As we increase the input sizes or the number of queries, we start to see real differences in performance:

```
>>> speed_test(1000, 100)
List creation took 0.001810 seconds
Set creation took 0.002273 seconds
--
List querying took 0.001780 seconds
Set querying took 0.000172 seconds
>>> speed_test(10000, 100)
List creation took 0.018895 seconds
Set creation took 0.024366 seconds
--
List querying took 0.016907 seconds
Set querying took 0.000159 seconds
>>> speed_test(10000, 1000)
List creation took 0.018688 seconds
Set creation took 0.018990 seconds
--
List querying took 0.156710 seconds
Set querying took 0.002958 seconds
>>> speed_test(100000, 1000)
List creation took 0.161801 seconds
Set creation took 0.187271 seconds
--
List querying took 1.591348 seconds
Set querying took 0.001975 seconds
```

Lets investigate in a more systematic way:

```
>>> speed_data(1000, 10000, 100000, 5000)
size list set
10000 0.157616 0.001780
15000 0.251193 0.001595
20000 0.312362 0.001505
25000 0.392334 0.001448
30000 0.480571 0.001570
35000 0.566010 0.002419
40000 0.634969 0.001507
45000 0.732042 0.001493
50000 0.815638 0.001570
55000 0.942068 0.001659
60000 1.031601 0.001606
65000 1.164648 0.001574
70000 1.288893 0.001734
75000 1.400574 0.001537
80000 1.443860 0.001565
85000 1.633924 0.001546
90000 1.784104 0.001501
95000 1.799544 0.001495
```

We can plot this in Excel. We will learn how to plot from with Python later in semester.

`set`

vs `list`

Does order matter? Use a `list`

. Is order unimportant but uniqueness or query
performance matters? Use a `set`

.

What are some situations when we might want to use a set? Membership testing, removing duplicates from a sequence, …

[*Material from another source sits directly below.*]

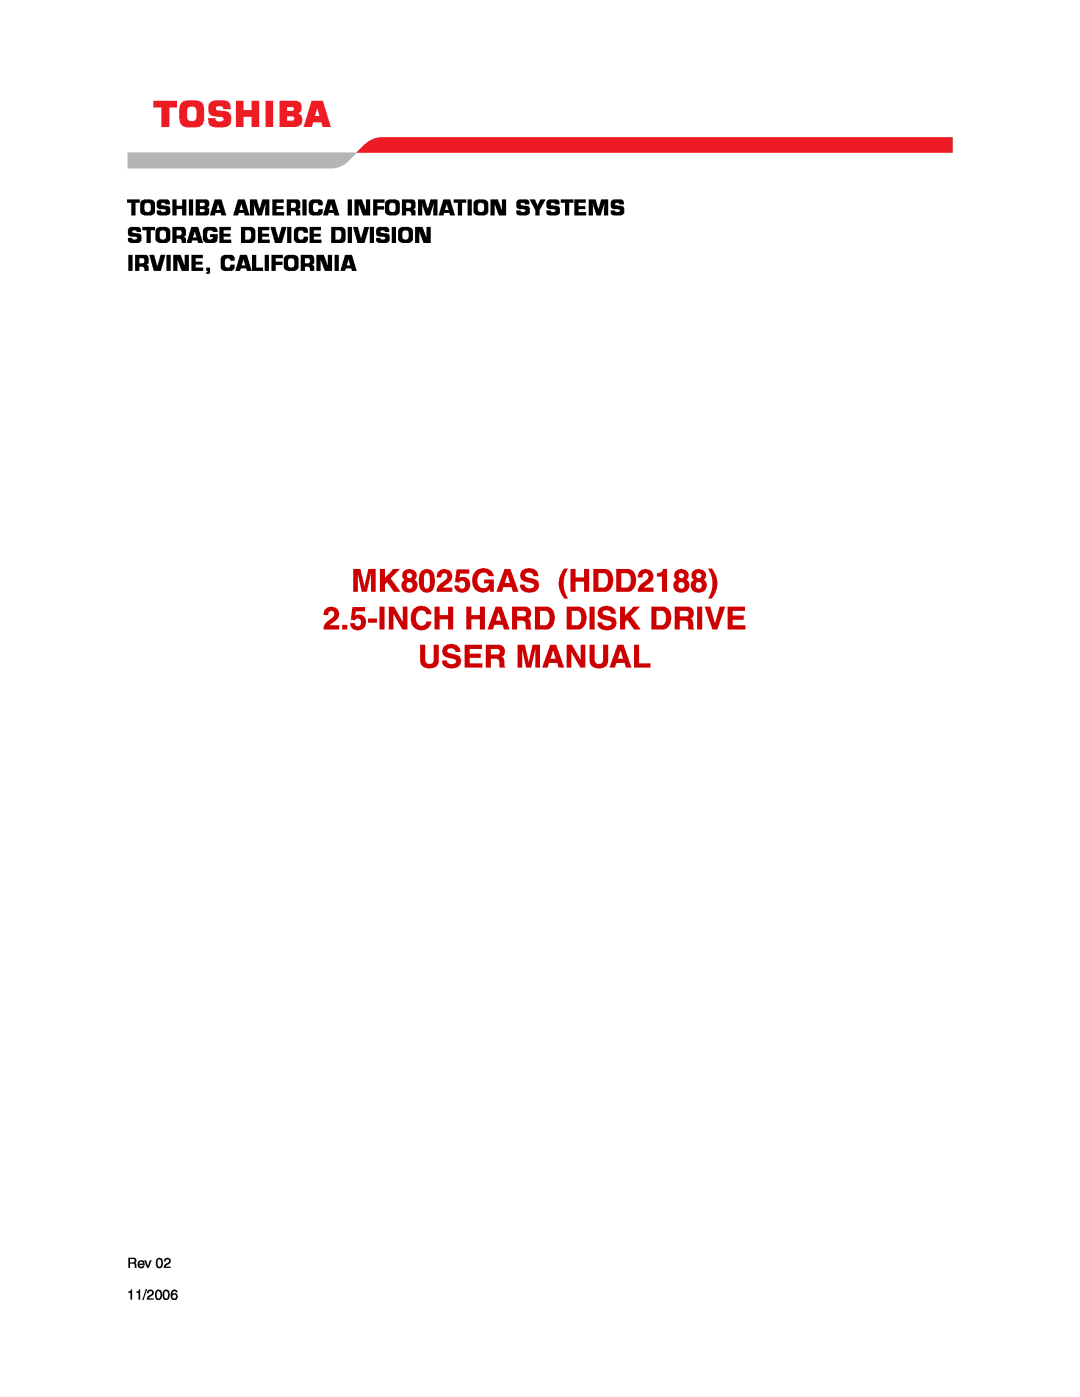 Toshiba user manual MK8025GAS HDD2188 2.5-INCH HARD DISK DRIVE USER MANUAL, Irvine, California, Rev 11/2006 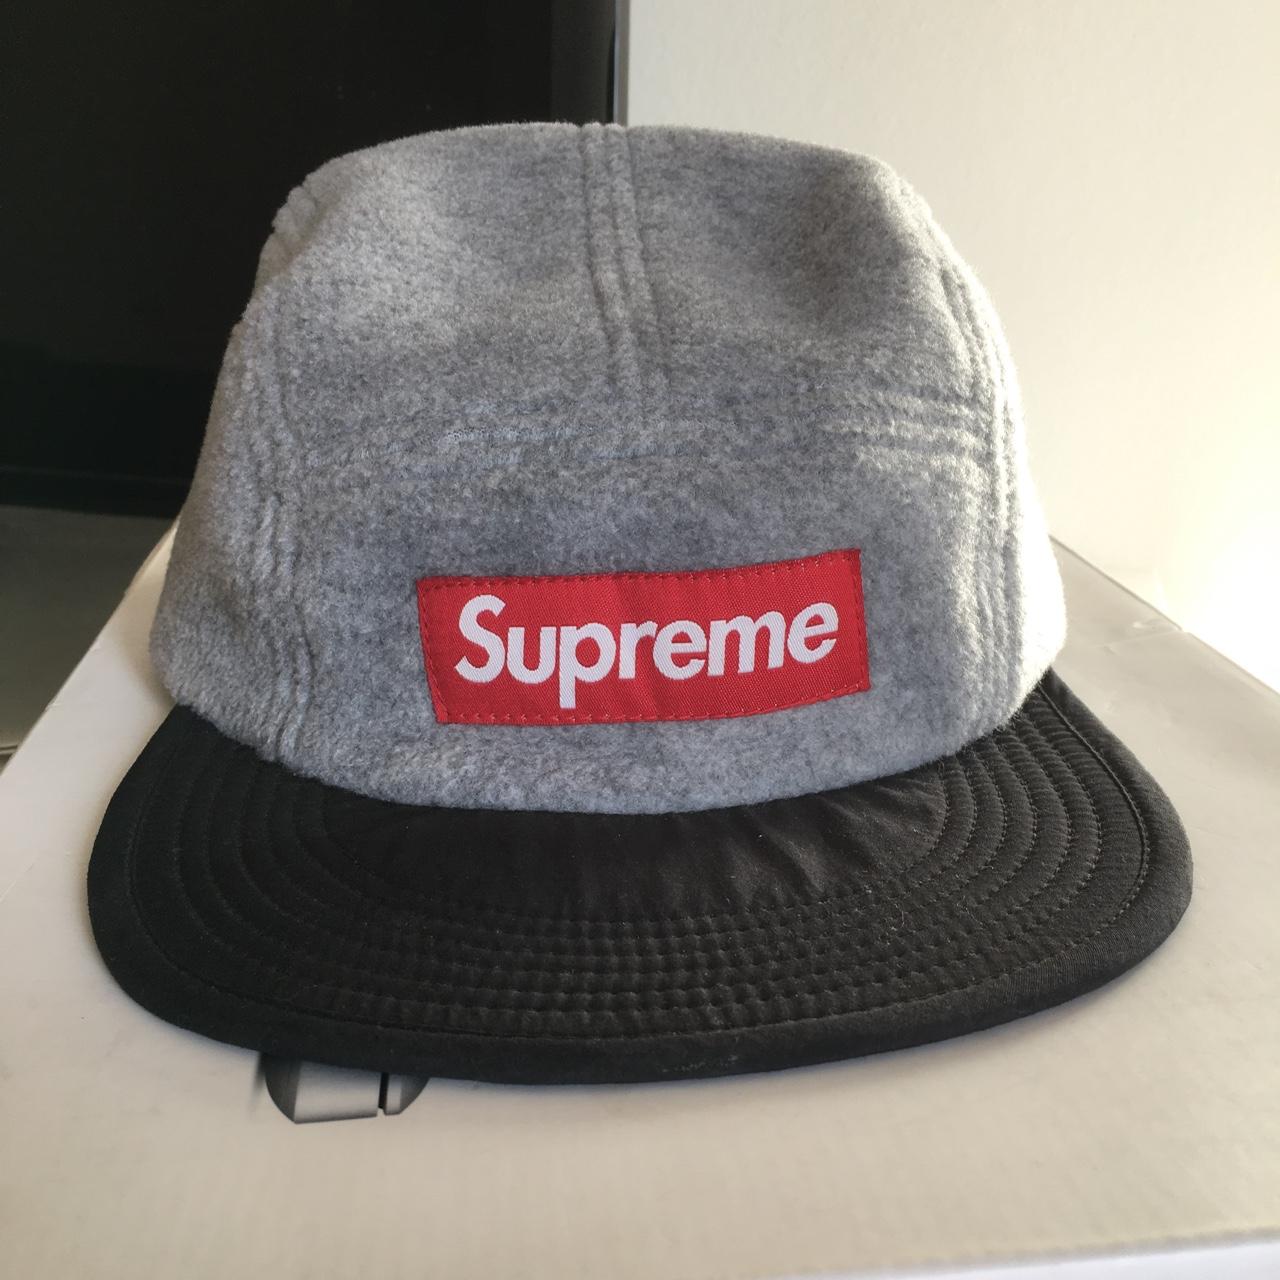 Supreme Men's Hat - Grey

So far we have largely ignored questions about performance or efficiency. Our programs have been so small that efficiency has been a non-issue. But that is/will not always be the case. Has anyone encountered performance issues already?

What about in the standard deviation calculation? If you calculate the average in each loop iteration, your program could be very slow on the larger census datasets. We will talk more formally about computational complexity later in the semester, but we can start informally today.

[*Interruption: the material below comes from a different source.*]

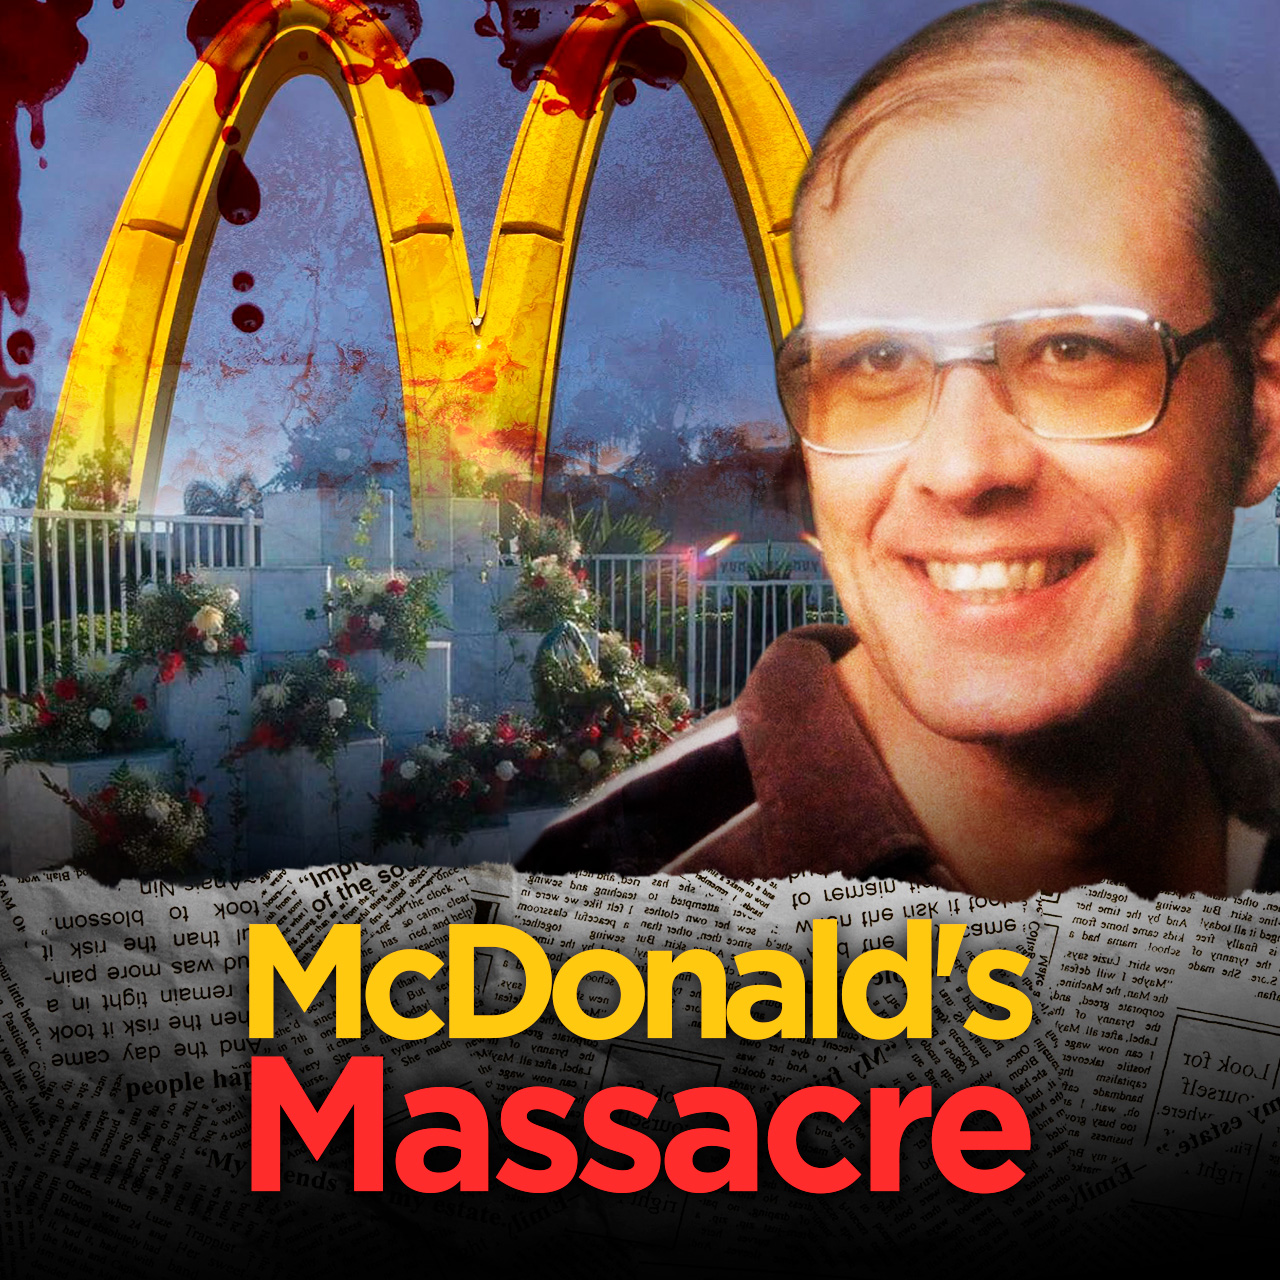 The Bizarre McDonald’s Massacre (1984)

We said finding an element in a list takes an amount of time that grows
linearly with the size of the list. Whereas finding an element in a set takes
constant time (or in the worst case, proportional to `log(size of set)`

). What
about the time for computing the average in each loop iteration of standard deviation? That
would increase as the square of the size of the dataset; if the size of the
dataset is *n*, computing the average takes “order” *n* time (summing all *n*
elements) and we are doing that computation for each data point, i.e. *n*
times. *n^2* can grow very quickly, even for “smallish” *n*.

We will continually be building up our “efficiency” toolbox throughout the semester. Our first two tools are:

- Choose the “right” data structure for the task at hand
- “Hoist” unchanging computations out of loops, that is compute the result once and assign to a variable to be used within the loop.